The fluid degradation cycle
Acid formation
Uncontrolled generation of acidic products is harmful to the life and performance of phosphate esters. strong acids are also chemically reactive and can form metal soaps or salts which adversely affect foaming and volume resistivity, the latter being used to assess the potential for servo-valve erosion. This soaps precipitates in servo valves and cause stickiness.
Lowering of Resistivity
Resistivity is a critical performance indicator for phosphate ester fluid quality. Low resistivity values are associated with electrokinetic wear, a very common failure mechanism of servo (MOOG) valves.
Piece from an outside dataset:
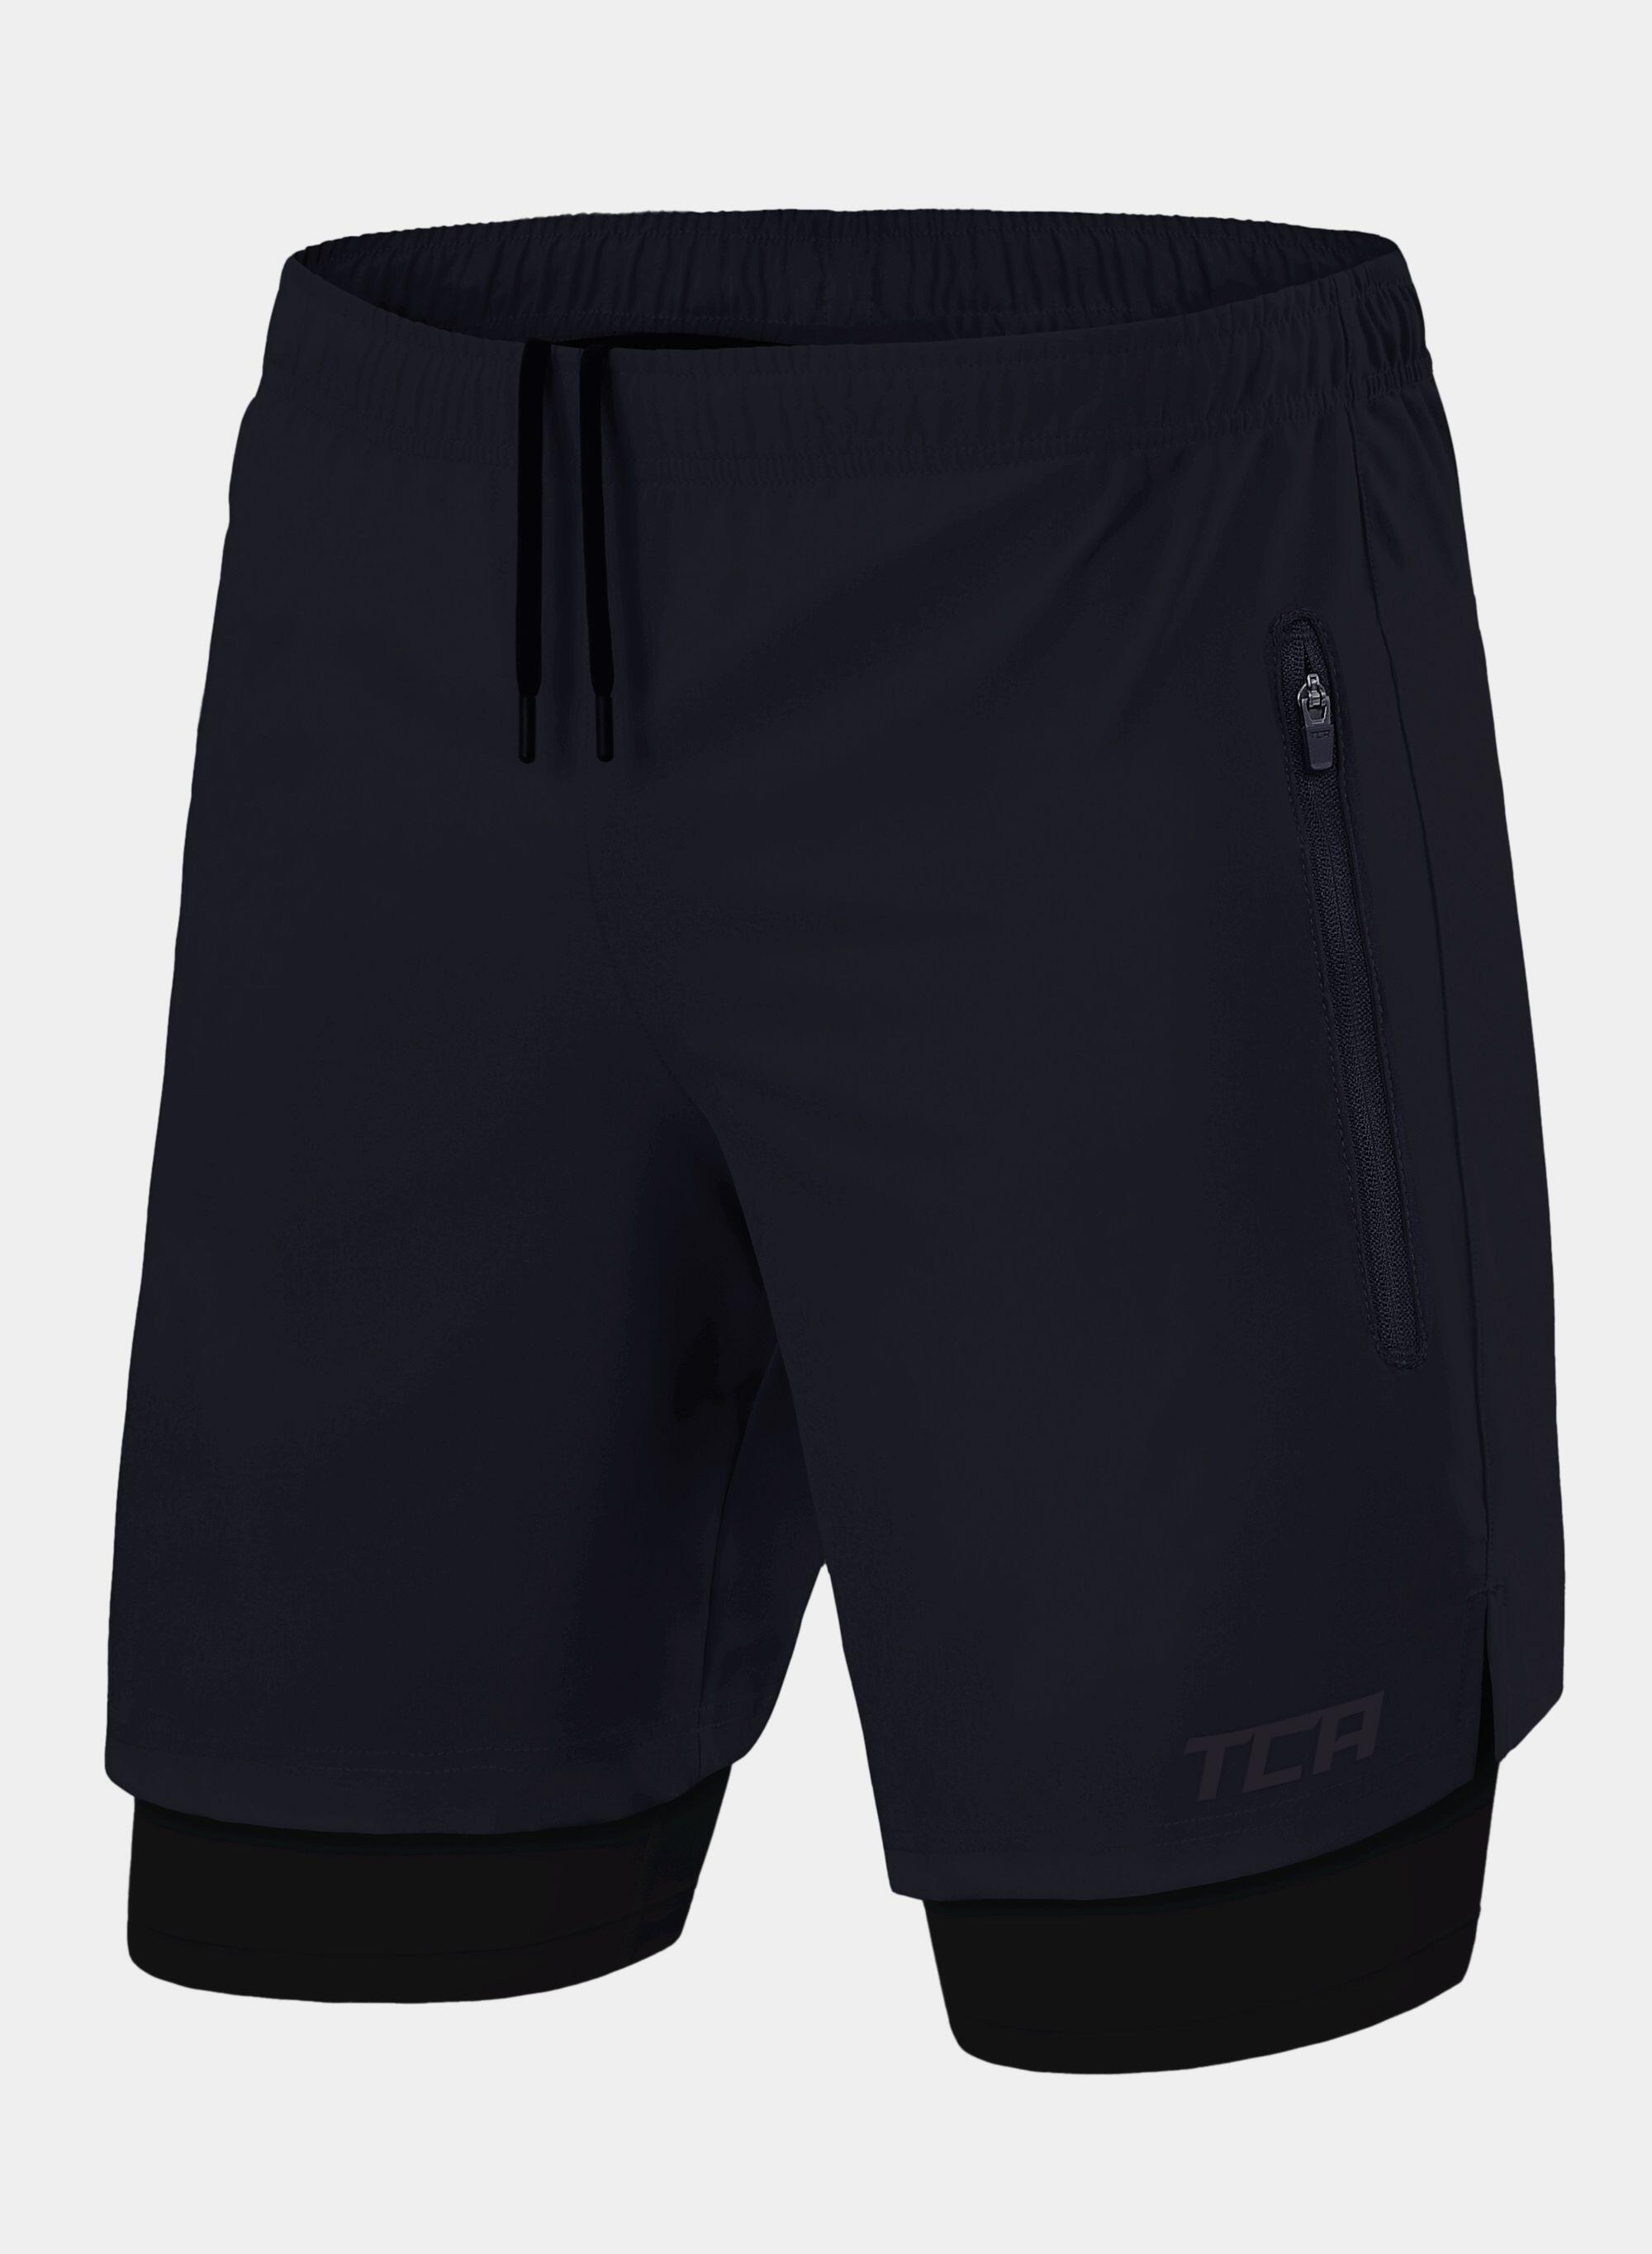 TCA Men's Ultra 2-in-1 Running Shorts with Zip Pockets - Navy/Black

This particulate contamination is responsible for fluid darkening and is generally produced from micro-dieseling, which is a type of high-temperature fluid breakdown caused by air release issues. Solid contaminants of more than (>4) micron are measured by ISO4460 but less than (<4) microns are not being detected. On investigation, 90% of total solid contamination in EHC fluids is below 4 microns which results in plugged filters, blocked servo valve strainers.
Oxidation degradation
Oxidation the most dangerous process which occurs due to contamination gives output in the form of heat. Oxidative degradation results in the production of a range of strong and weak acids and from very low molecular weight hydrocarbons that may plate out as varnish to higher molecular weight hydrocarbons or polyphosphates present as sludge that can increase fluid viscosity and reduce resistivity while blocking filters and causing valve sticking. External sources such as a steam line, hot/molten metal or a welding torch located close to the hydraulic line provide heat to the fluid. The difference between internal ‘hot spots’ is that it occurs when the fluid is in circulation (except for the fluid being heated up in the tank) and external heat sources occur when the fluid is static.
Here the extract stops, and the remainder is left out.